Pioneer Past: Utica gets a visit from The Twilight Zone

For all the thrills and suspense that Syracuse-native Serling delivered to viewers on the classic TV series, there was nothing spooky about his appearance at Utica University (then-Utica College) in 1973.

You’re traveling through another dimension, a dimension not only of sight and sound, but of mind. A journey into a wondrous land whose boundaries are that of imagination. This trip will take you to a place called Utica. A trip not only into the past, but into the very depths of…the Twilight Zone.
It was like Halloween every week from 1959 to 1964 as the anthology series hosted by creator and host Rod Serling aired on television screens, providing stories that ranged from fantasy to science fiction, to horror, with characters finding themselves in the middle of unusual or disturbing events, often with a twist ending and an accompanying moral. From monsters on the wings of airplanes, to talking children’s toys, to the McCarthy-ism era fears that turned neighbor against neighbor, there was nothing at the time quite like The Twilight Zone on television.
For all the thrills and suspense that Syracuse-native Serling delivered to viewers on the classic TV series, there was nothing spooky about his appearance at Utica University (then-Utica College) in 1973.
“We are doubly proud that our speaker is one of the most distinguished and influential writers of our time and a native of Central New York,” said then-Utica President Ambrose J. De Flumere, referring to Serling as had “more than any other writer since Ernest Hemingway, become the symbol of the writer as the exciting spokesman of his generation.”
But the U.S. Army veteran and multiple-award winning writer of radio, television, and movies thought himself to be an unusual choice for a commencement speaker.
“Controversy isn’t necessarily my bag,” Serling said. “I’m not an argumentative man. But in truth, on this May afternoon of 1973, how can anyone not involve himself in controversy? Not in some manner find himself as either an advocate or an adversary?”
Speaking at the institution’s 27th Commencement ceremony, the famed writer had his finger on the pulse of the times and current events, speaking of his outrage at the U.S. government’s policy in Vietnam and its involvement in the Watergate break-in by President Richard Nixon’s men.
Members of a group associated with Nixon’s 1972 re-election campaign were caught burglarizing and planting listening devices in the Democratic National Committee headquarters at Washington, D.C.’s Watergate complex.

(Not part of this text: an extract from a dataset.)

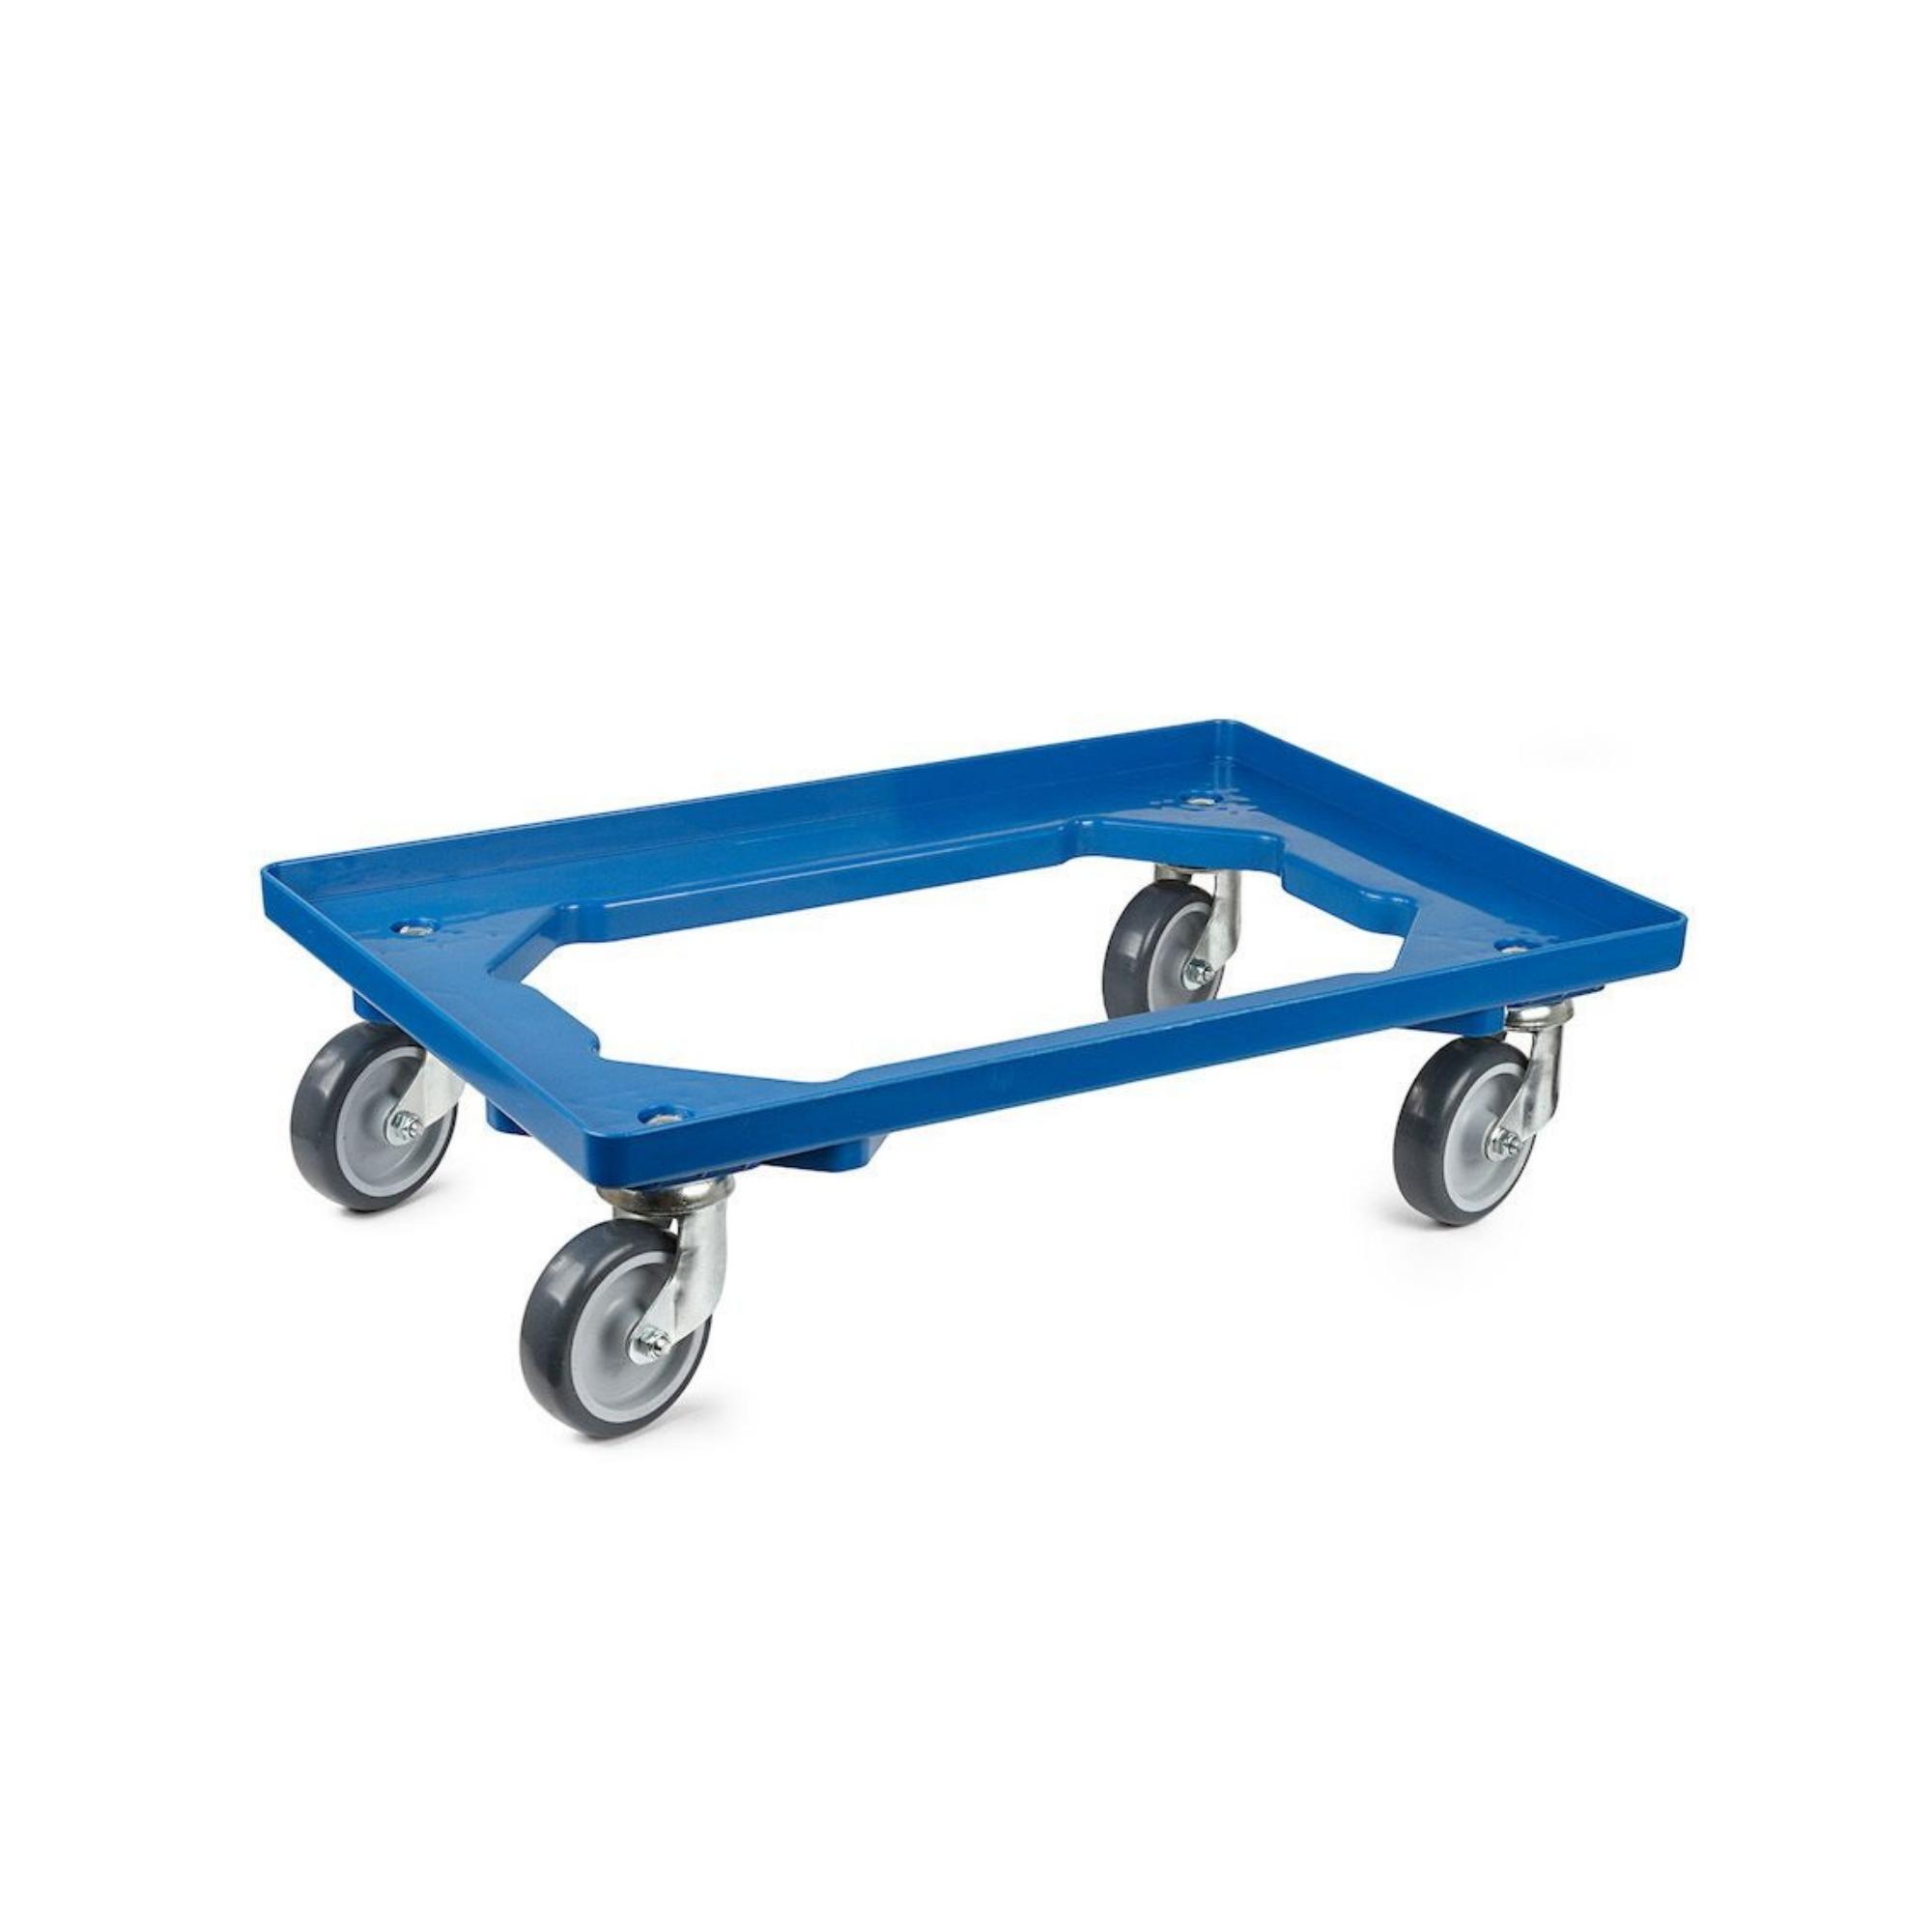 Transportroller für Euroboxen 60x40cm mit Gummiräder blau | Offenes Deck | 2 Lenkrollen & 2 Bremsrollen | Traglast 300kg | Kistenroller Logistikroller Rollwagen Profi-Fahrgestell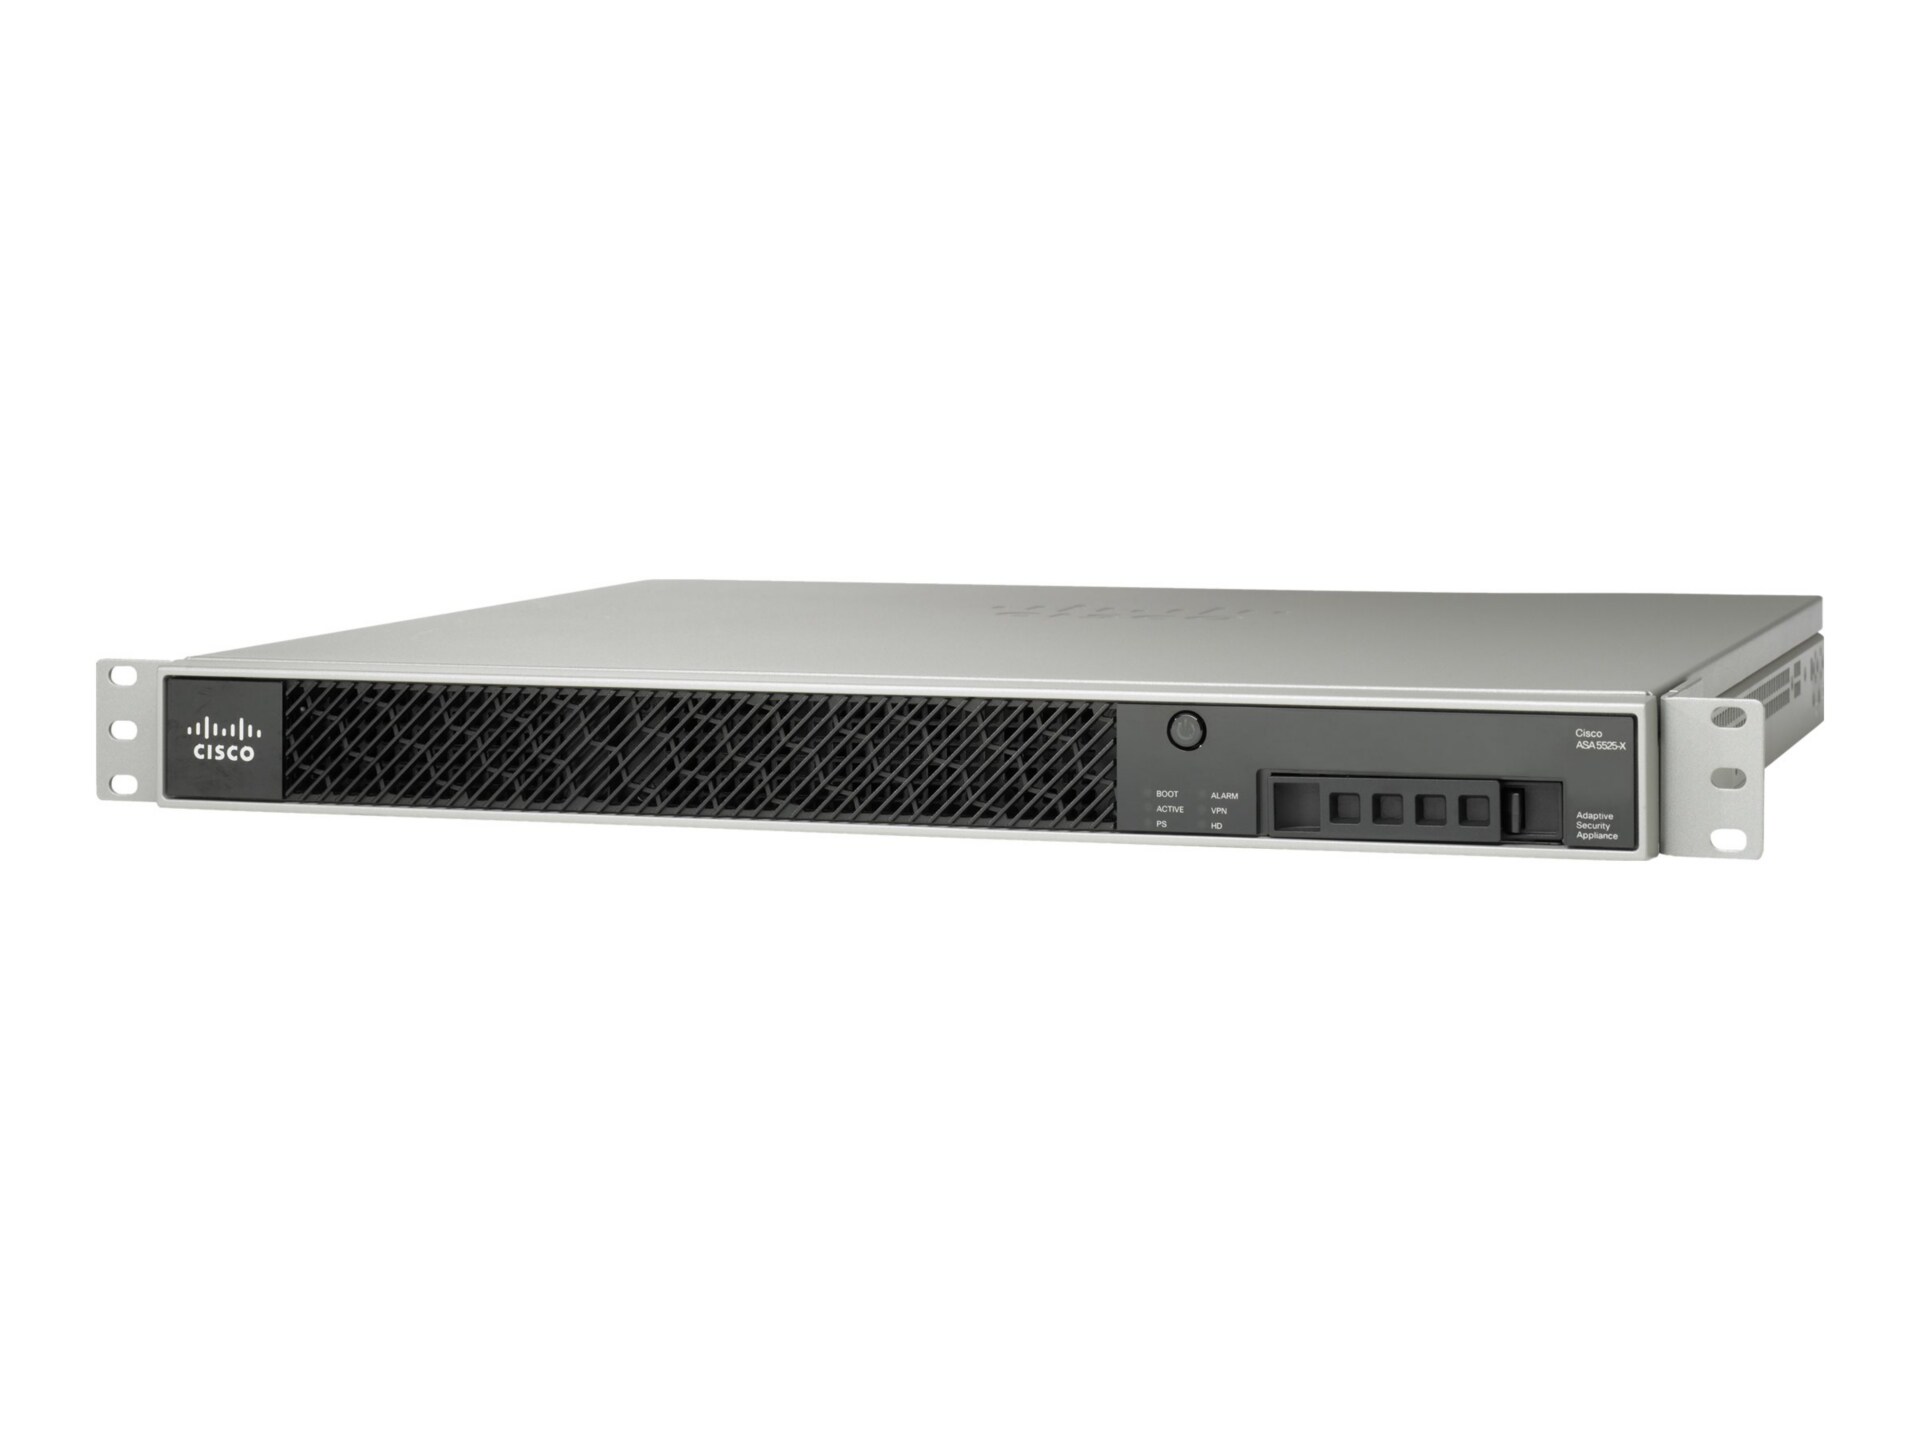 Cisco ASA 5512-X Firewall Edition - security appliance

“We are told somewhat plaintively by no less personages than Henry Kissinger and Governor Ronald Reagan of California that the men who are involved in the current Watergate scandal should be treated with some consideration and respect – not for what they’ve done, but for what motivated them.”
“A little charity has been called for. A little understanding A little quality of mercy. But charity, understanding and mercy apparently are reserved for thieves, liars, and arrogant night crawlers – not pained and anguished young men whose revulsion against death took the form of civil disobedience.”
It should come as no surprise that the man who presented television plays about the power of knowledge and those who’d like to suppress it (such as in classic Twilight Episodes “Time Enough at Last” and “The Obsolete Man”) would use his voice to speak fervently against censorship by those in power during such a tumultuous time as the Vietnam War.
Serling noted several “moral inconsistencies,” among officials at the time, including “the selective sanctimonious morality of men who would muzzle, censor, gag and burn all that which offends them in the way of promiscuity and sex.”
“But we have no comparable concern for the effect of promiscuous violence; men who somehow never acknowledge that the psyche of the young might be more damaged by seeing what comes out of a rifle barrel than by seeing what goes on a mattress in a motel.”
Serling urged the class of 1973 to “Love your country. Feel affection for it. Give it loyalty. Give it support. Help strengthen it. But at some future time when someone should ask you to prove your patriotism and loyalty and affection for that native land – remember that this proof cannot always be equated with a willingness to die or a willingness to kill.”